»»

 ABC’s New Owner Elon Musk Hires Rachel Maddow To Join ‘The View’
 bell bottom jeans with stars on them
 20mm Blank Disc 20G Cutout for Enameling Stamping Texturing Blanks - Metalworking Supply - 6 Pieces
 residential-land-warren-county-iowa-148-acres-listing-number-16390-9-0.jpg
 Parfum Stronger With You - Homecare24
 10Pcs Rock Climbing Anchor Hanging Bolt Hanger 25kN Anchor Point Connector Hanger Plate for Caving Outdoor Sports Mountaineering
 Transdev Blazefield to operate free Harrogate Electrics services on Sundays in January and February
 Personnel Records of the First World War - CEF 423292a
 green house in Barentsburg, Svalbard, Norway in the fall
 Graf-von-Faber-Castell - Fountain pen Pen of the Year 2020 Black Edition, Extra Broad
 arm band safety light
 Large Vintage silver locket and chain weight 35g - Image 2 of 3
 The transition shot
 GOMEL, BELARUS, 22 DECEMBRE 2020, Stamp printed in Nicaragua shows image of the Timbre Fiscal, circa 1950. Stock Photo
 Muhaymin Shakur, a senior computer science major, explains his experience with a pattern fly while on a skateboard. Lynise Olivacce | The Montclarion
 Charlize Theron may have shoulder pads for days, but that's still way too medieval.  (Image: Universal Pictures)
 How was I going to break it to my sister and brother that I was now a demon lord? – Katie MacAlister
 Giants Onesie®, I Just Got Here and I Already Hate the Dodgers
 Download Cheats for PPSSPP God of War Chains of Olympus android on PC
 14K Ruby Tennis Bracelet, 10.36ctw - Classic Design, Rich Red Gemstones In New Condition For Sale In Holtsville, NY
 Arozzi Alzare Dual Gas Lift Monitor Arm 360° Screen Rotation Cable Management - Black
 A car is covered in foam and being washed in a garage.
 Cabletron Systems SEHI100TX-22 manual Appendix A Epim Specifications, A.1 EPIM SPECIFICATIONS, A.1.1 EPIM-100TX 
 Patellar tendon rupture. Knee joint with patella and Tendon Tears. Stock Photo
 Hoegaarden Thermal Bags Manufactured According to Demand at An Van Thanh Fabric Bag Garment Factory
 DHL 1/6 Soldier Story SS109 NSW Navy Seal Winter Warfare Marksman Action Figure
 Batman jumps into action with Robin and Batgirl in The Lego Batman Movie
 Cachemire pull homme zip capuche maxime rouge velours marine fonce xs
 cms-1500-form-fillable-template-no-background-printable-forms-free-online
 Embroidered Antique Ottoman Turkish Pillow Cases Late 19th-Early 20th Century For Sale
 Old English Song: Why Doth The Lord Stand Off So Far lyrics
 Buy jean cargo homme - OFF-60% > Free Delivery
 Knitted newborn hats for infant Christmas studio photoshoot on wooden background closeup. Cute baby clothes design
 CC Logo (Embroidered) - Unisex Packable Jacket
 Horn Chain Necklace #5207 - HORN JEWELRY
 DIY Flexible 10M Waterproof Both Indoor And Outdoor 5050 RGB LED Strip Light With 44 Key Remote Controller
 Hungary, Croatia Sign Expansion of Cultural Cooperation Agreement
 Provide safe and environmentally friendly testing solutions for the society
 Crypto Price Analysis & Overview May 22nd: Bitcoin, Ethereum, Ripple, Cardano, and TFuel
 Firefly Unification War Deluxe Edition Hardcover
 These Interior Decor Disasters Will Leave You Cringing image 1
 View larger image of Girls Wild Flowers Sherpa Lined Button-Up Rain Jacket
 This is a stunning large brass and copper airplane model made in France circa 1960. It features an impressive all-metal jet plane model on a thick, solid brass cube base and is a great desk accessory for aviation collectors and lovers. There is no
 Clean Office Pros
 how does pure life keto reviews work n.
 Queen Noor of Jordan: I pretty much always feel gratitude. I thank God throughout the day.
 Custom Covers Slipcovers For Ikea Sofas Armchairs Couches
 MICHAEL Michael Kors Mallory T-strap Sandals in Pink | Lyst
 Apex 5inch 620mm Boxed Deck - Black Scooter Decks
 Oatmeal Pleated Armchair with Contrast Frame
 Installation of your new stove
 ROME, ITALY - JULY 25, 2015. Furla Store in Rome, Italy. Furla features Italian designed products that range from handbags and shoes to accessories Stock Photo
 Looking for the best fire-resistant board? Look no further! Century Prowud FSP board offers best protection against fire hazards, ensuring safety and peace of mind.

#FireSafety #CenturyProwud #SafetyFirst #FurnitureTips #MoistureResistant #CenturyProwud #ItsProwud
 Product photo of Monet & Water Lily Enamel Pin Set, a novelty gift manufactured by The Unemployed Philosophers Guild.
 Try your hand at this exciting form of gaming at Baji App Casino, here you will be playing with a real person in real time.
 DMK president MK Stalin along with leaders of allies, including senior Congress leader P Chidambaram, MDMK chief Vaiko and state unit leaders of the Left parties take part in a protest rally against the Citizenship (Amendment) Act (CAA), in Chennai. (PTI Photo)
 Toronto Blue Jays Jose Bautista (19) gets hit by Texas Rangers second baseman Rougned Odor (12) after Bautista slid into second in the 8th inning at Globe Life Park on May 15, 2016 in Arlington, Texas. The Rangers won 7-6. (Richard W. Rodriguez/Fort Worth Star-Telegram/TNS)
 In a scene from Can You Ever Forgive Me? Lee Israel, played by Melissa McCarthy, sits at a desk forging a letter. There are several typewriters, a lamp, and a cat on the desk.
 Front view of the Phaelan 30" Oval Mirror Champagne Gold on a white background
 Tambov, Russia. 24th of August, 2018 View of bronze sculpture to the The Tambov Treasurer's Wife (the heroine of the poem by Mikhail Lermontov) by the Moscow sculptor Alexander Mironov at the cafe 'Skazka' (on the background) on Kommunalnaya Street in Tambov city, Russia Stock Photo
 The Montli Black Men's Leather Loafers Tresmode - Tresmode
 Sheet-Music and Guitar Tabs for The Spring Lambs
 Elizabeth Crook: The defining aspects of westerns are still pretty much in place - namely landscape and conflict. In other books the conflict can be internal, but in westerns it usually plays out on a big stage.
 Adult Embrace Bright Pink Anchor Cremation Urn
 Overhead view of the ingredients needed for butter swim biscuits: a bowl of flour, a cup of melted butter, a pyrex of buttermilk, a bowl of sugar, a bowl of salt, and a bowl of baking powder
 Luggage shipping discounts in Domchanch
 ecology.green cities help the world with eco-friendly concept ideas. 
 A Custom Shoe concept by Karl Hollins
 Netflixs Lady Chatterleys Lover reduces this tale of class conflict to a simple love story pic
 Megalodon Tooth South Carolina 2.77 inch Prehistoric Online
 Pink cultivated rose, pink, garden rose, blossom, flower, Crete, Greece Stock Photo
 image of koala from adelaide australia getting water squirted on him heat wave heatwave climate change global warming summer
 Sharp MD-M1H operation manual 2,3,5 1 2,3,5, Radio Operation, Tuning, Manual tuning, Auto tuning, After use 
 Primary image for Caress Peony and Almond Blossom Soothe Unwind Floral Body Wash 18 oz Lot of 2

««

WHAT TO DO >>
Copy each line of the listing that contains the string "Pink".

RESPONSE TO THIS TASK >>
 MICHAEL Michael Kors Mallory T-strap Sandals in Pink | Lyst
 Adult Embrace Bright Pink Anchor Cremation Urn
 Pink cultivated rose, pink, garden rose, blossom, flower, Crete, Greece Stock Photo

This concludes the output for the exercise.